La crise de 2008 a certes laissé des traces et modifié les comportements, voire les textes. Mais la page est tournée. Et l’on parle à nouveau d’introductions en bourse records et d’opérations spectaculaires. Bref les États-Unis ont fini par terrasser la peur qu’ils s’étaient faits à la suite de la crise financière. Ils ont réalisé qu’ils avaient repris la maîtrise de leur destin et de leur croissance. Et même mieux, puisqu’ils viennent de devenir exportateurs de pétrole au moment où l’or noir bat des records !
À côté de cela, la situation des marchés européens, et notamment de notre pauvre marché boursier français fait un peu pitié. Bien sûr le début d’année n’est pas si mauvais que cela. Bien sûr les résultats des grands groupes du CAC 40 sont à la hauteur des espérances et leurs perspectives pour 2012, bien plus élevées que prévu. Bien sûr, le collapsus grec n’a pas eu lieu, et la longue page de la crise hellène finit de se tourner, levant ainsi une lourde hypothèque. »

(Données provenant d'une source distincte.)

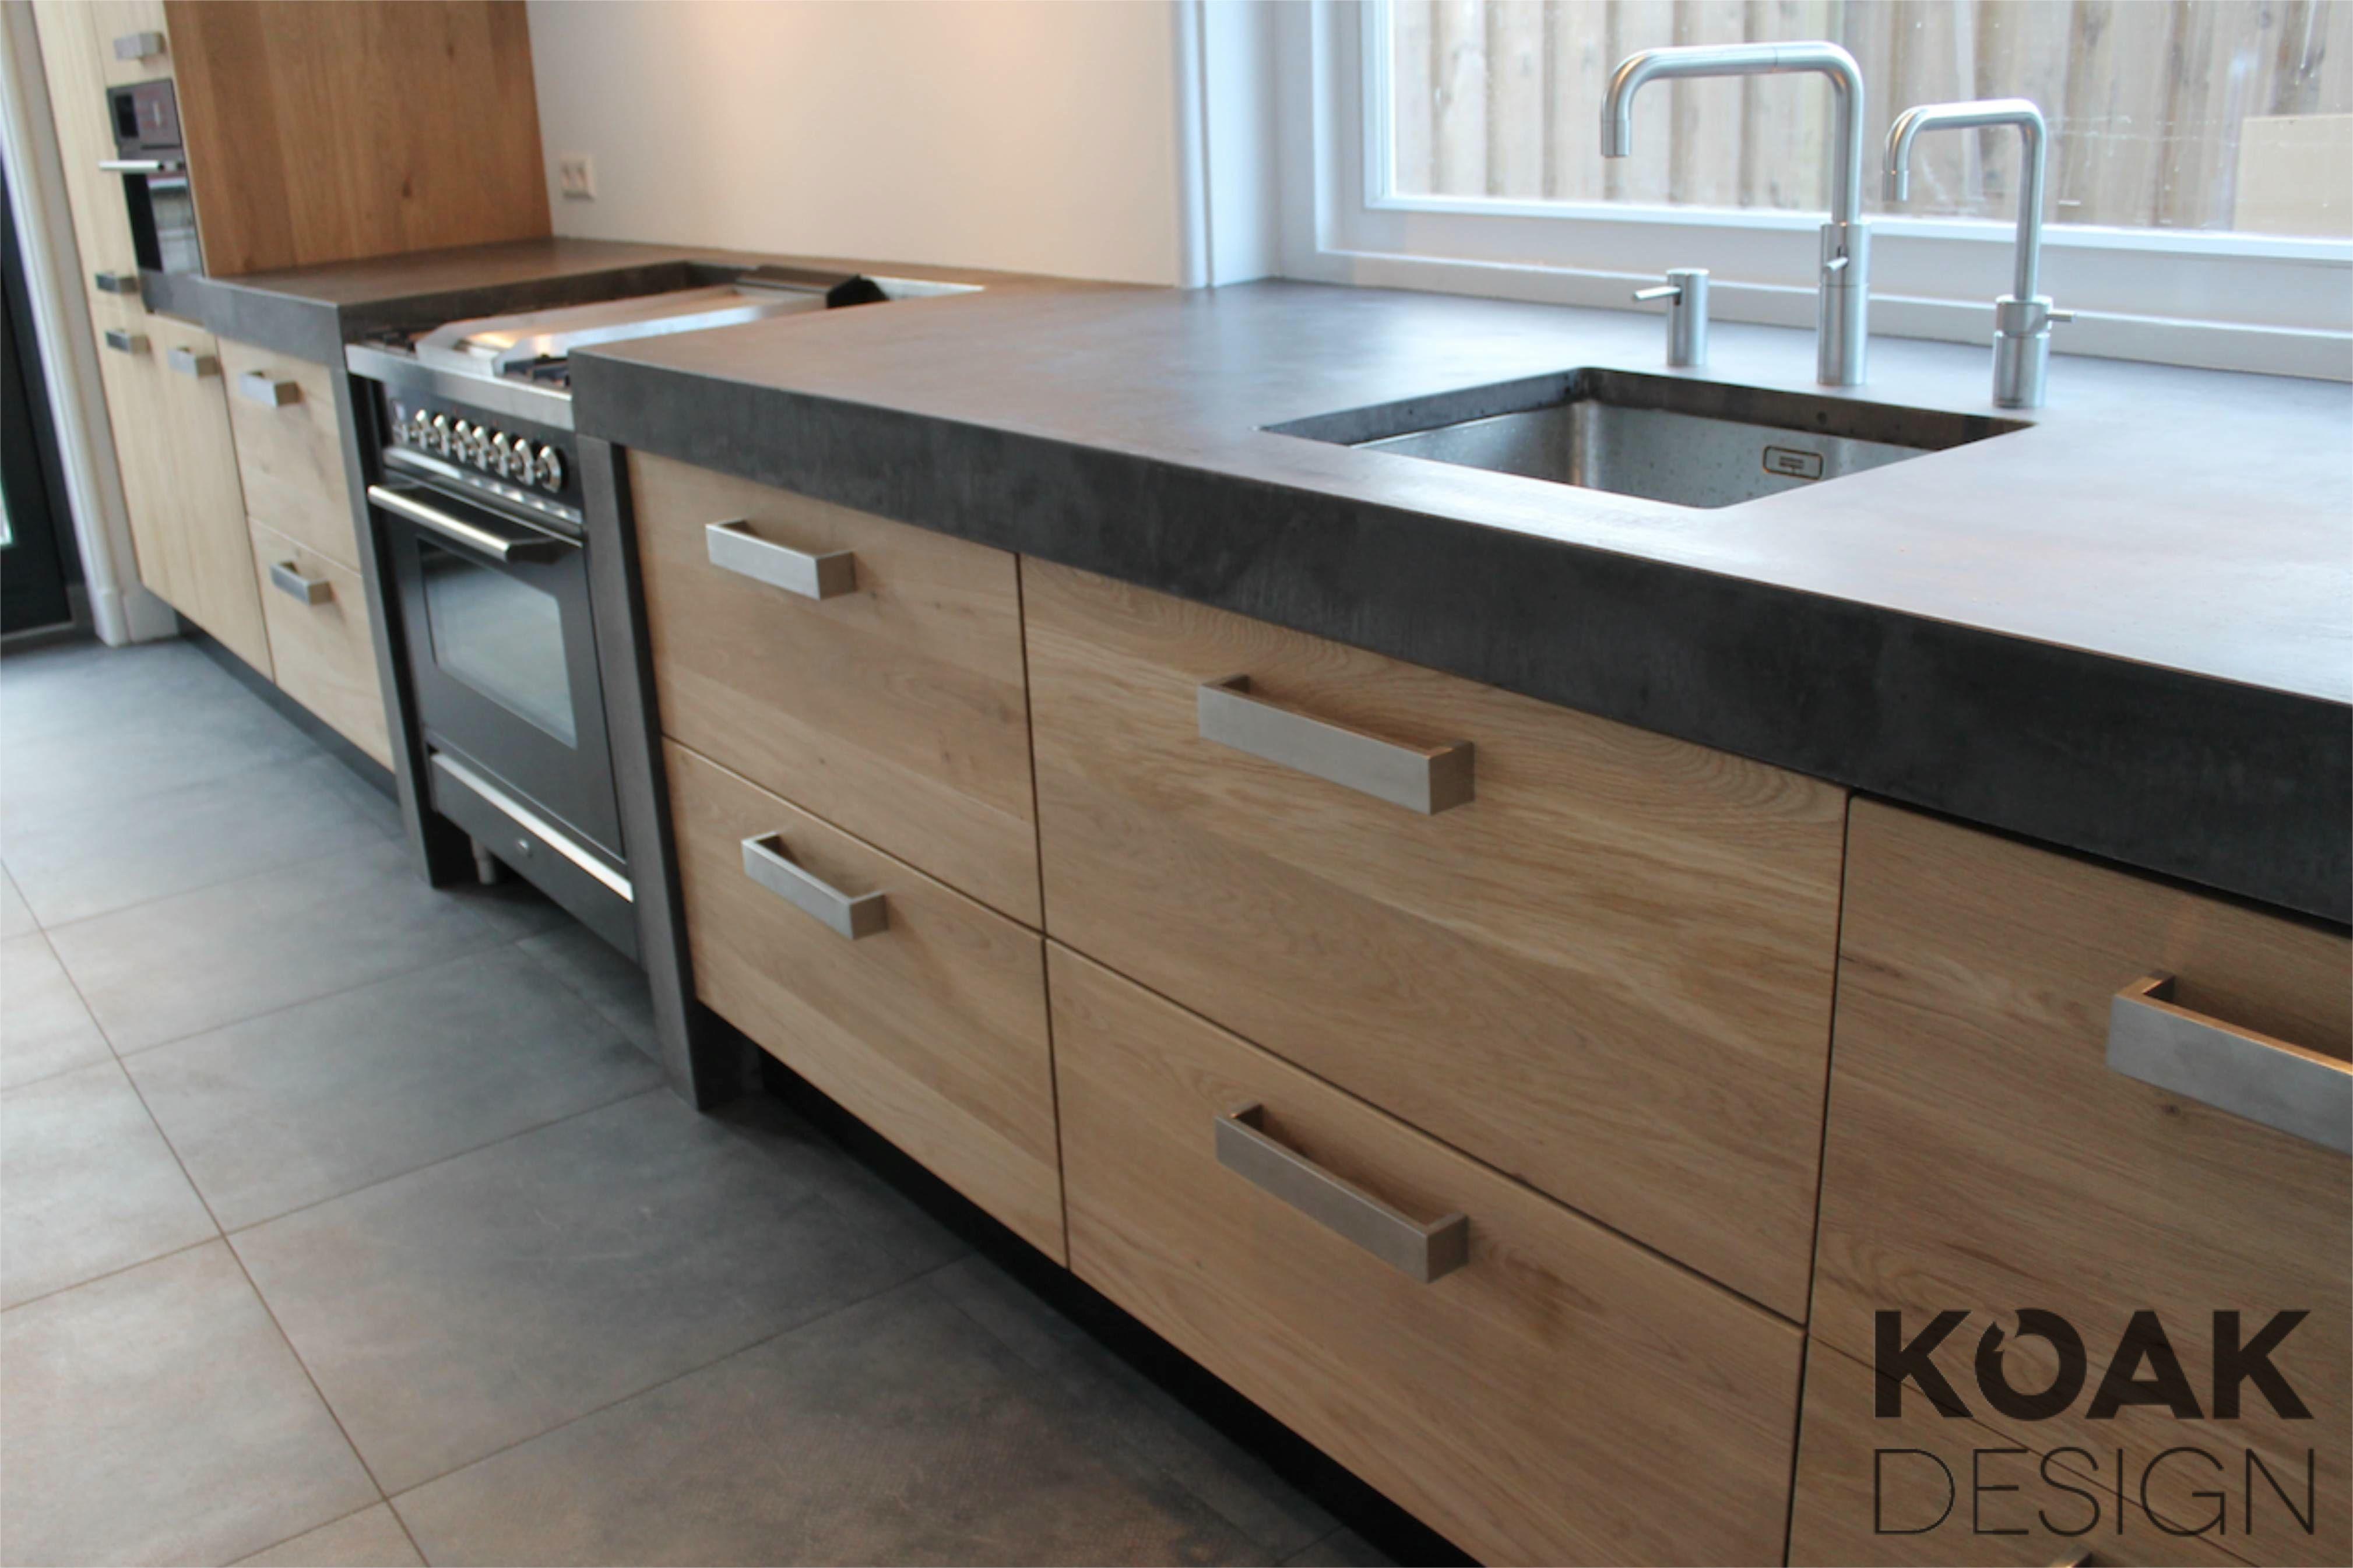 koak design ikea keuken real oak wooden doors ikea kitchen hack wooden doors for ikea kitchen. Black Bedroom Furniture Sets. Home Design Ideas

« La France des invisibles gronde, le pays se droitise. Je laboure un terrain plus important qu’en 2012 », Libération, 07/02/2016, op.cit.
« Pour l’heure le score estimé d’Emmanuel Macron est de 65,7 %. Ce qui lui confère en théorie 20 millions de voix. Ce qui représente à peine deux millions de voix de plus que François Hollande en 2012 et quelques centaines de milliers de voix de plus que Nicolas Sarkozy en 2007. On est donc bien loin d’une victoire triomphale », Valeurs Actuelles, 07/05/2017
« Seulement 40 % des électeurs d’Emmanuel Macron adhèrent à son projet. Voici donc un Président élu avec un score officiel de 65,7 %, mais avec le soutien effectif de seulement 8 millions d’électeurs, soit 17 % des inscrits. Rarement un Président a paru si bien élu, avec le soutien de 90 % des médias. Mais rarement aussi il a disposé de si peu de soutiens pour appliquer sa politique », ibid.
Sa nébuleuse
Yves de Kerdrel a ses entrées dans de nombreux cercles d’influences et d’affaires.

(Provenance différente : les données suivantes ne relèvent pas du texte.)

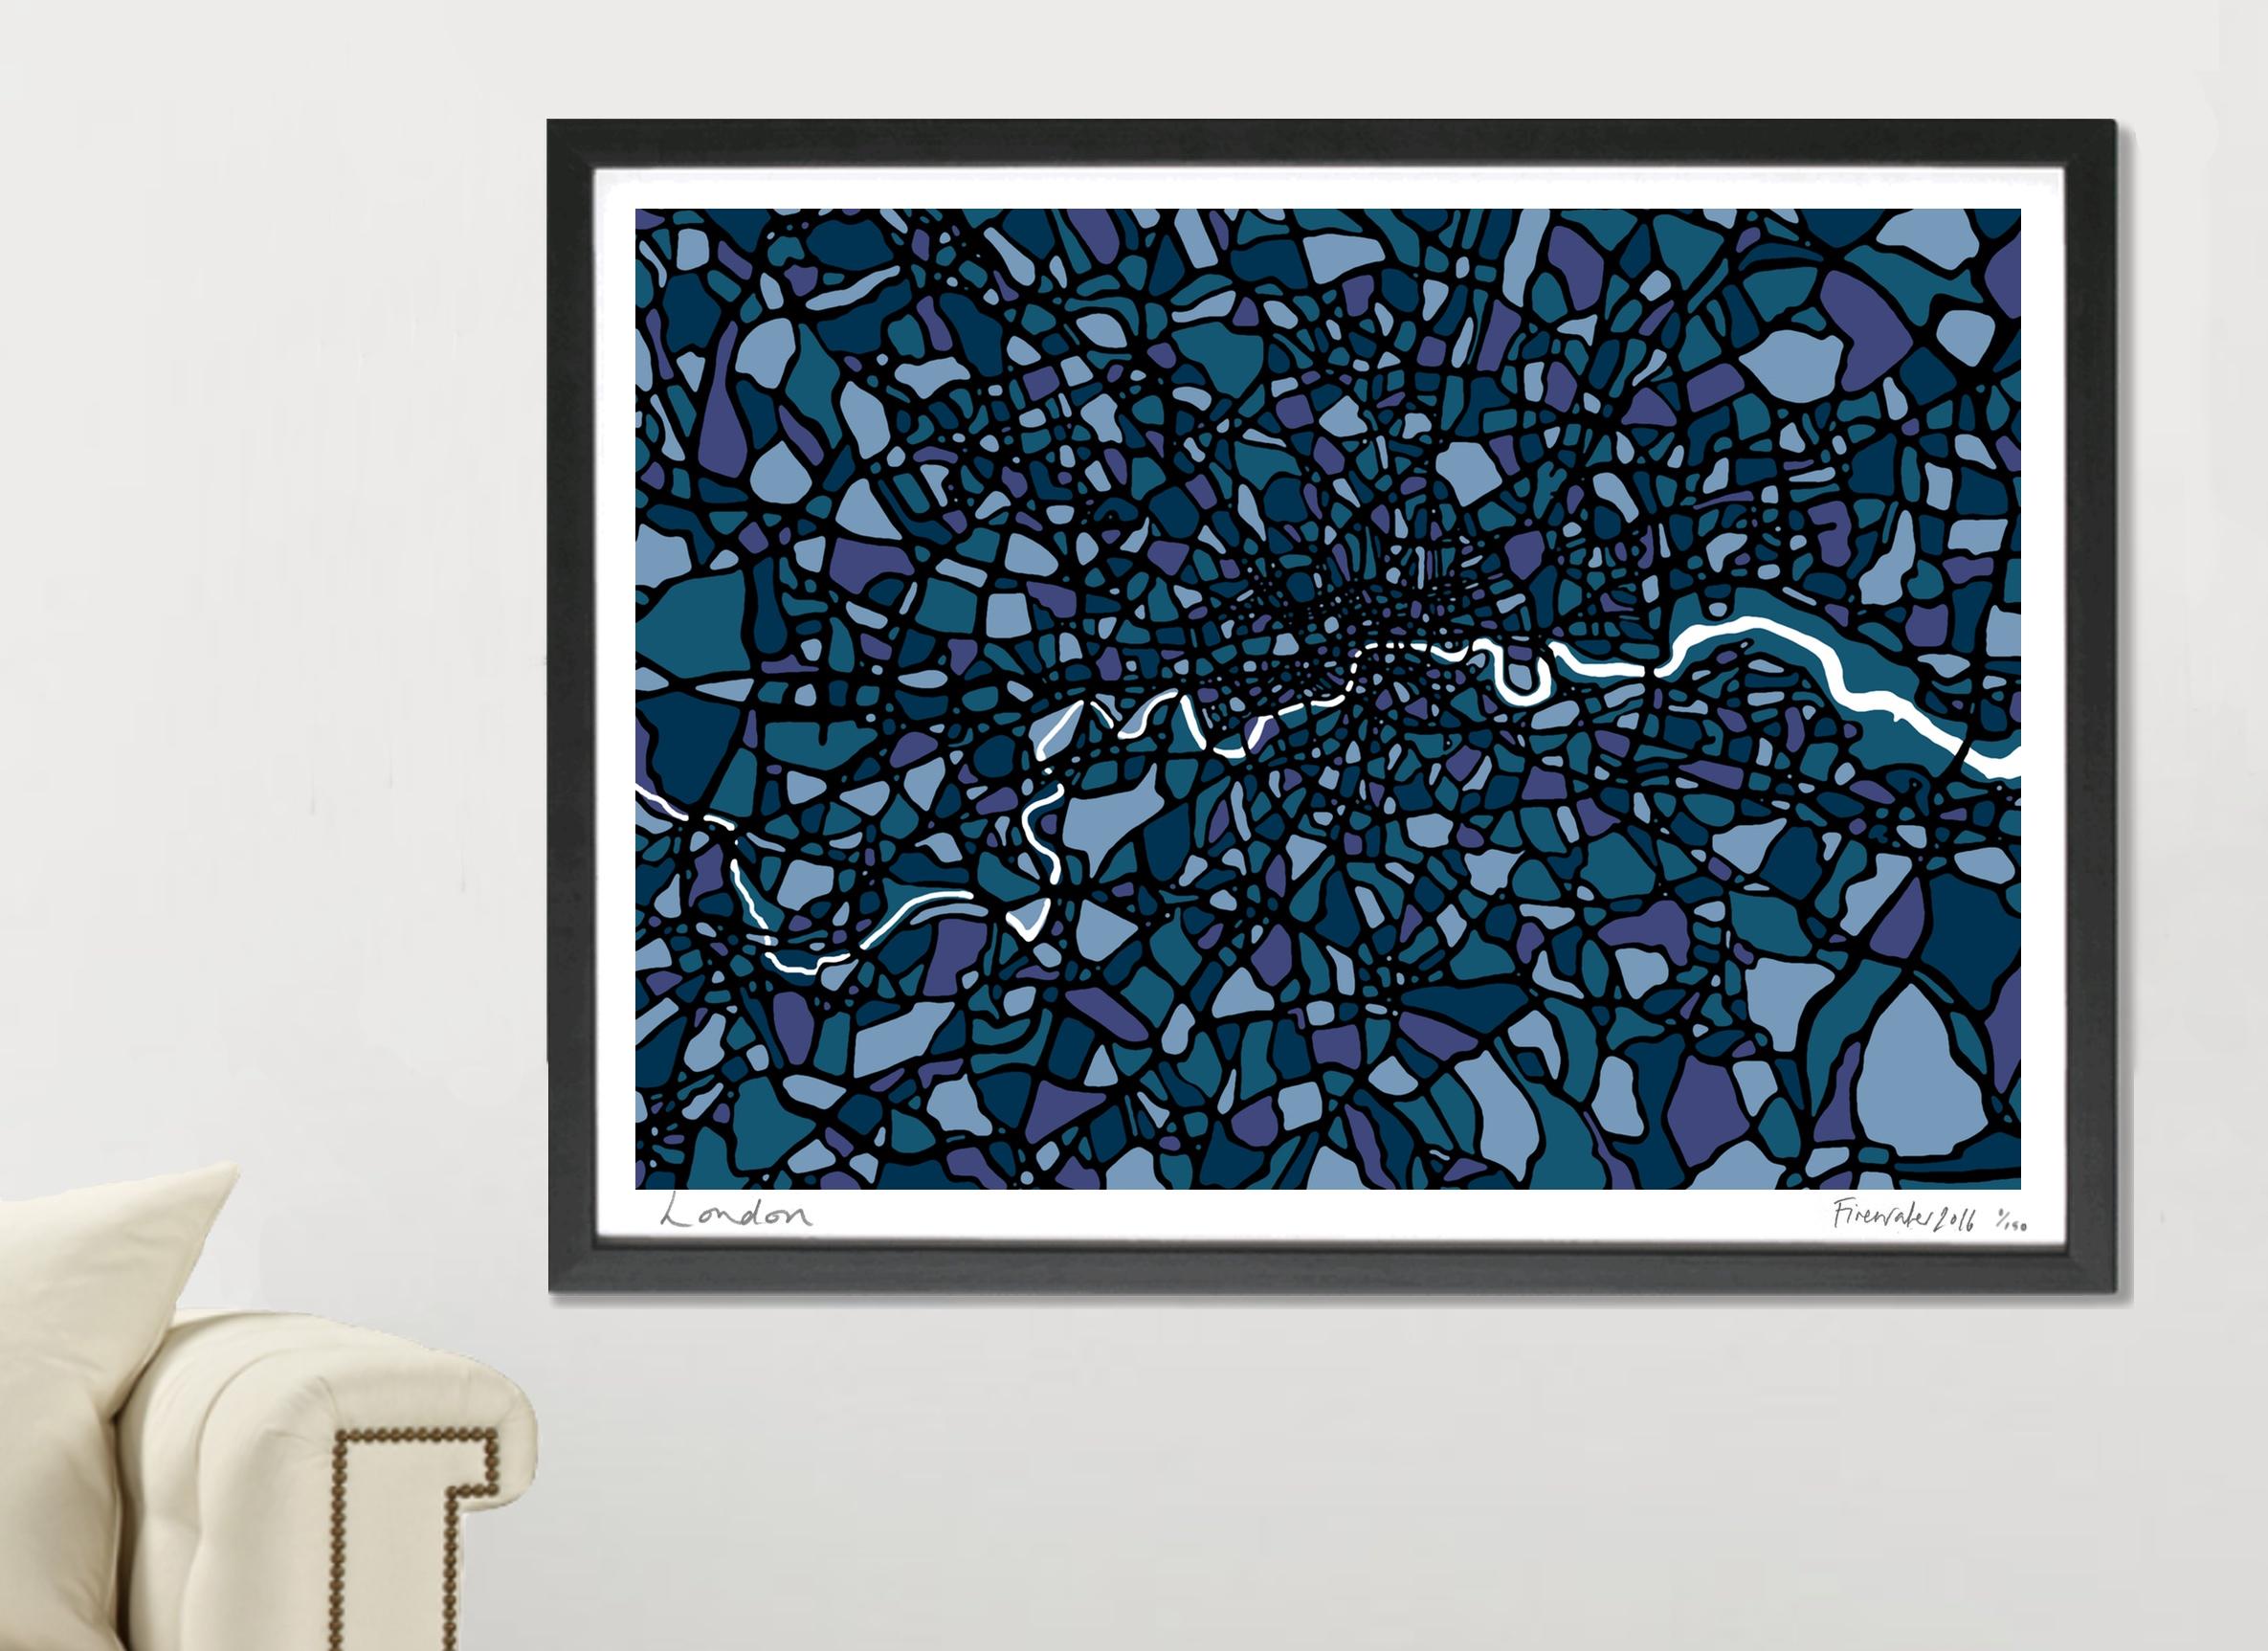 London Art Map - A1 & A2

En 2005 il rejoint la Commission du dialogue économique du Medef, ce qui lui vaut d’être nommé à la Commission Attali pour le redressement de la Croissance en 2007. Membre du Conseil franco-Britannique et du Comité d’éthique du Medef, il est également délégué général du Cercle de l’audace créatrice, professeur à Dauphine jusqu’en 2010, et administrateur du groupe Vitry frères.
Il est membre du prestigieux Jockey Club de Paris et du Cercle de La Revue des deux-Mondes (dont il est président), mais ne fréquente pas les dîners du Siècle.

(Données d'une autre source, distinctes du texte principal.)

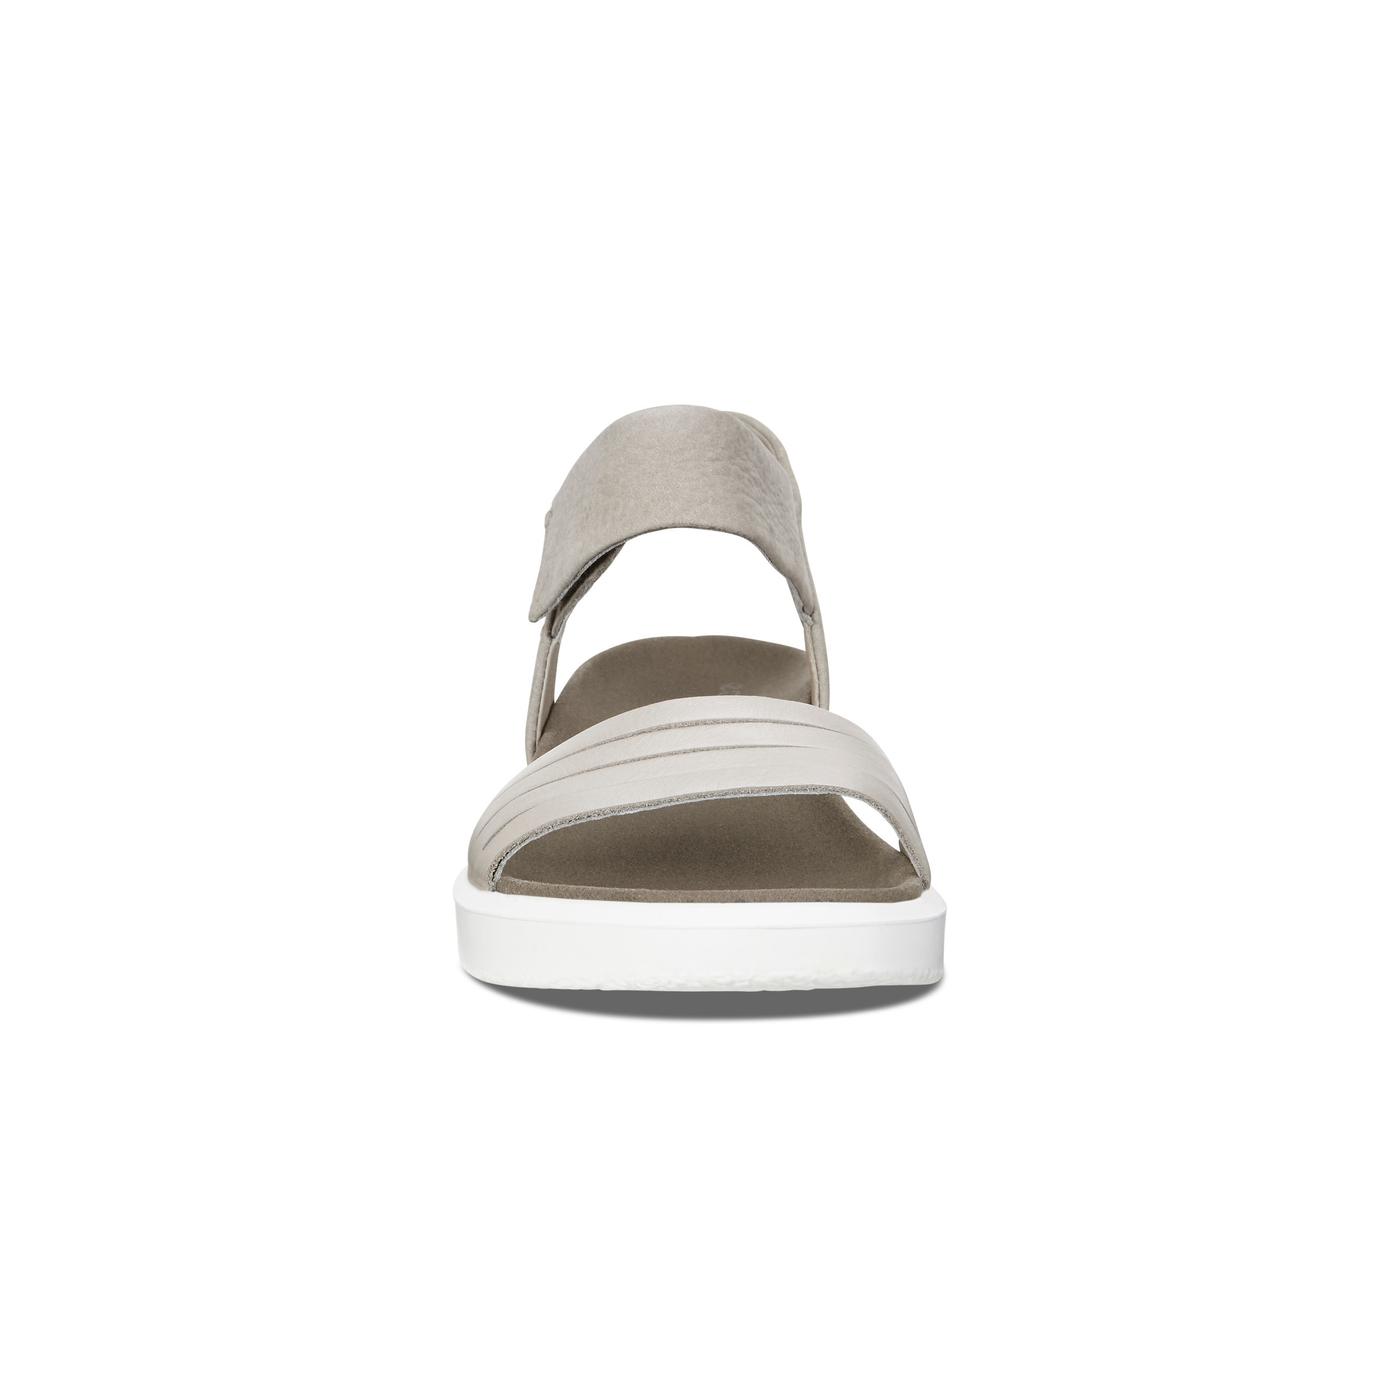 ECCO FLOWT Womens Ankle Strap Sandal

Il est également proche de Marc Ladreit de la Charrière propriétaire du groupe Fimalac (l’agence de notation Fitch Ratings entre autres), ancien propriétaire du Groupe Valmonde (revendu à Dassault qui le revendra au groupe Fabre), qui est à l’origine de la Fondation Agir contre l’exclusion avec Martine Aubry, fondation qu’il soutient financièrement, et qui s’est présenté comme un des fondateurs de SOS Racisme.